> ASSIGNMENT
Should a picture appear anywhere in the data, omit it and copy everything else exactly.

> SUPPLIED DATA
-=-=-=-=-

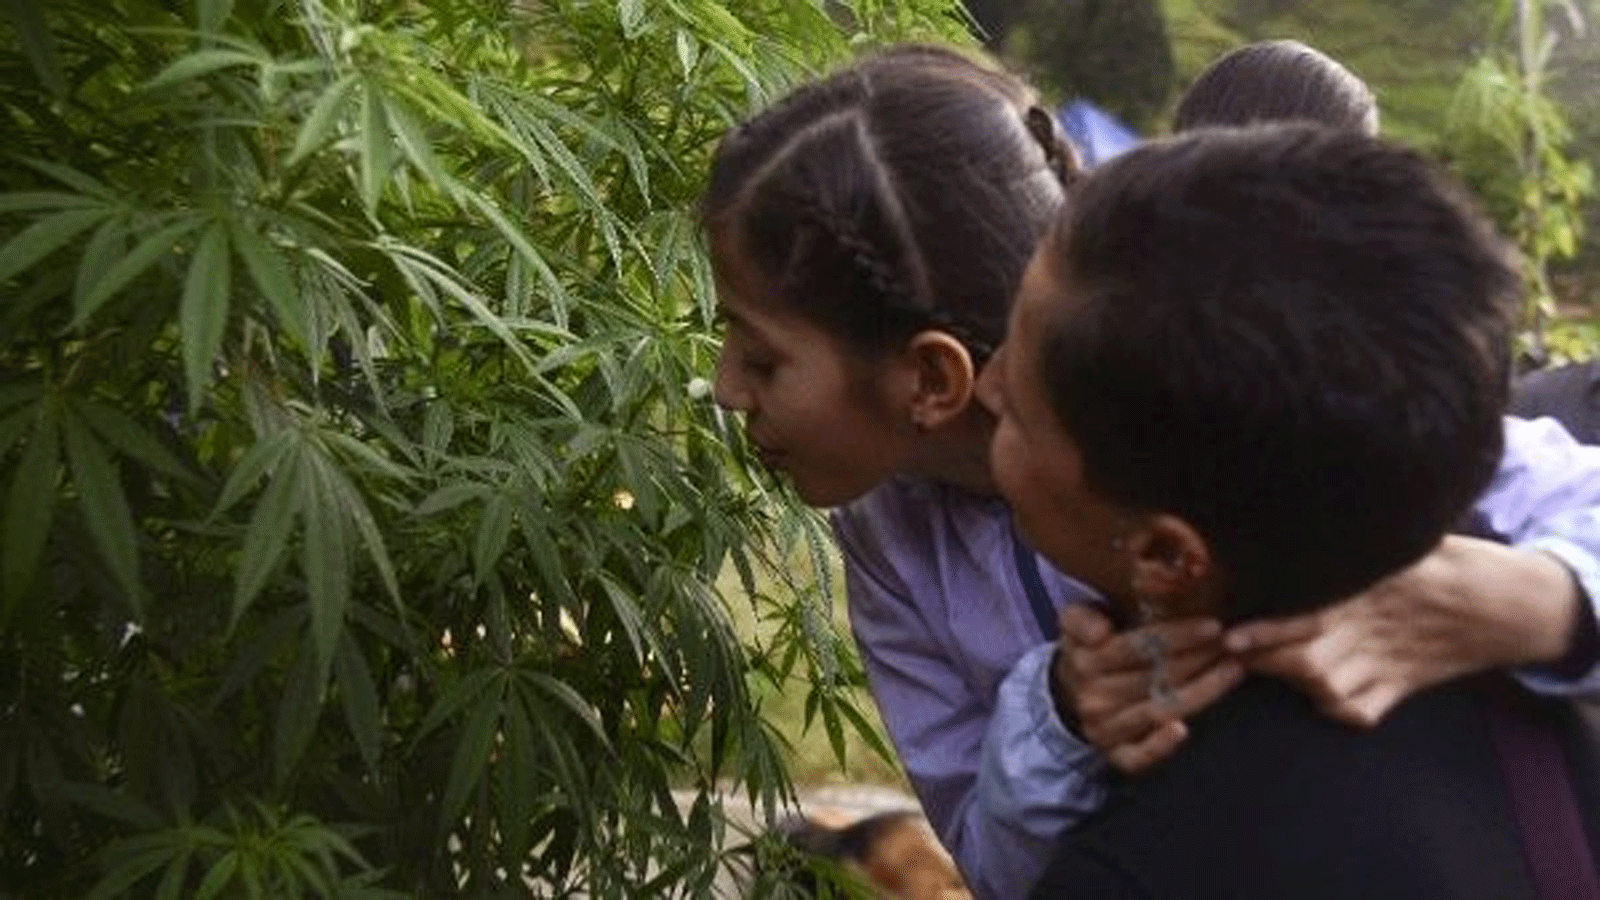 إينيس كانو (يمين) وابنتها لونا فالنتينا التي تستخدم الماريجوانا لعلاج أعراض الصرع، تزور معمل القنب بالقرب من ميديلين. 7 أيار\ مايو 2015
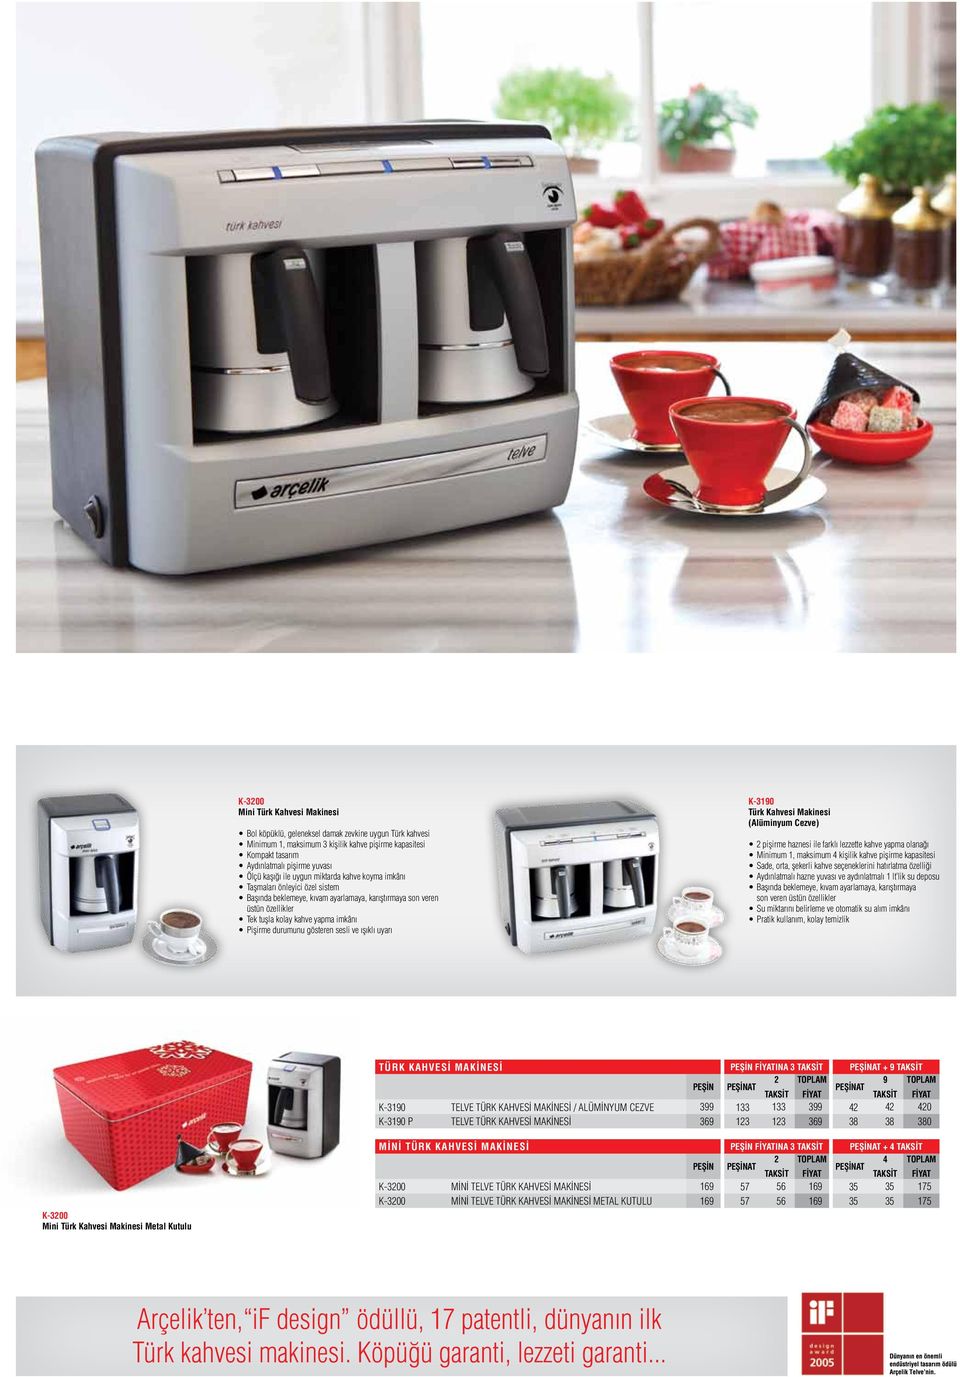 durumunu gösteren sesli ve ışıklı uyarı K-90 Türk Kahvesi Makinesi (Alüminyum Cezve) 2 pişirme haznesi ile farklı lezzette kahve yapma olanağı Minimum 1, maksimum 4 kişilik kahve pişirme kapasitesi
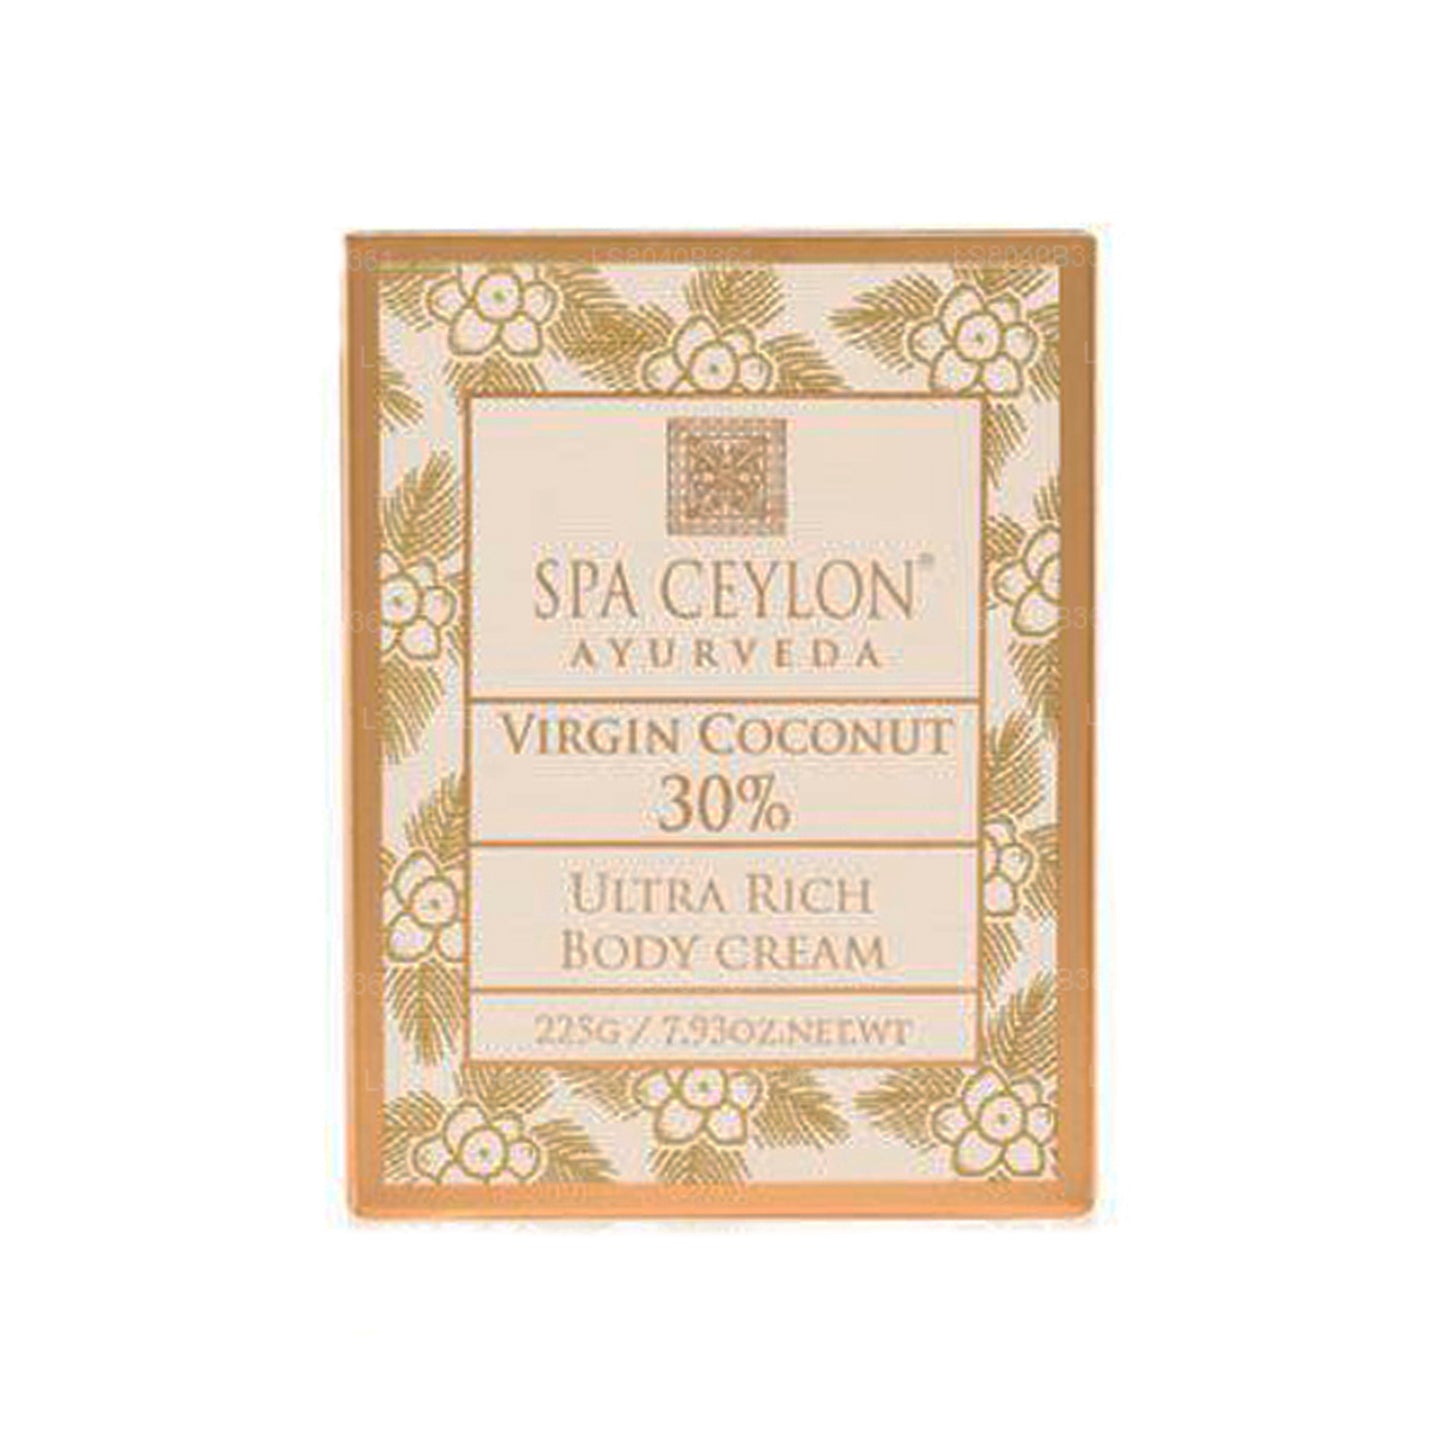 Spa Ceylon Virgin Coconut 30% - Crema corporal ultra rica (200 g)

-=-=-=-=-

> PROBLEM SOLUTION
 إينيس كانو (يمين) وابنتها لونا فالنتينا التي تستخدم الماريجوانا لعلاج أعراض الصرع، تزور معمل القنب بالقرب من ميديلين. 7 أيار\ مايو 2015
 durumunu gösteren sesli ve ışıklı uyarı K-90 Türk Kahvesi Makinesi (Alüminyum Cezve) 2 pişirme haznesi ile farklı lezzette kahve yapma olanağı Minimum 1, maksimum 4 kişilik kahve pişirme kapasitesi
 Spa Ceylon Virgin Coconut 30% - Crema corporal ultra rica (200 g)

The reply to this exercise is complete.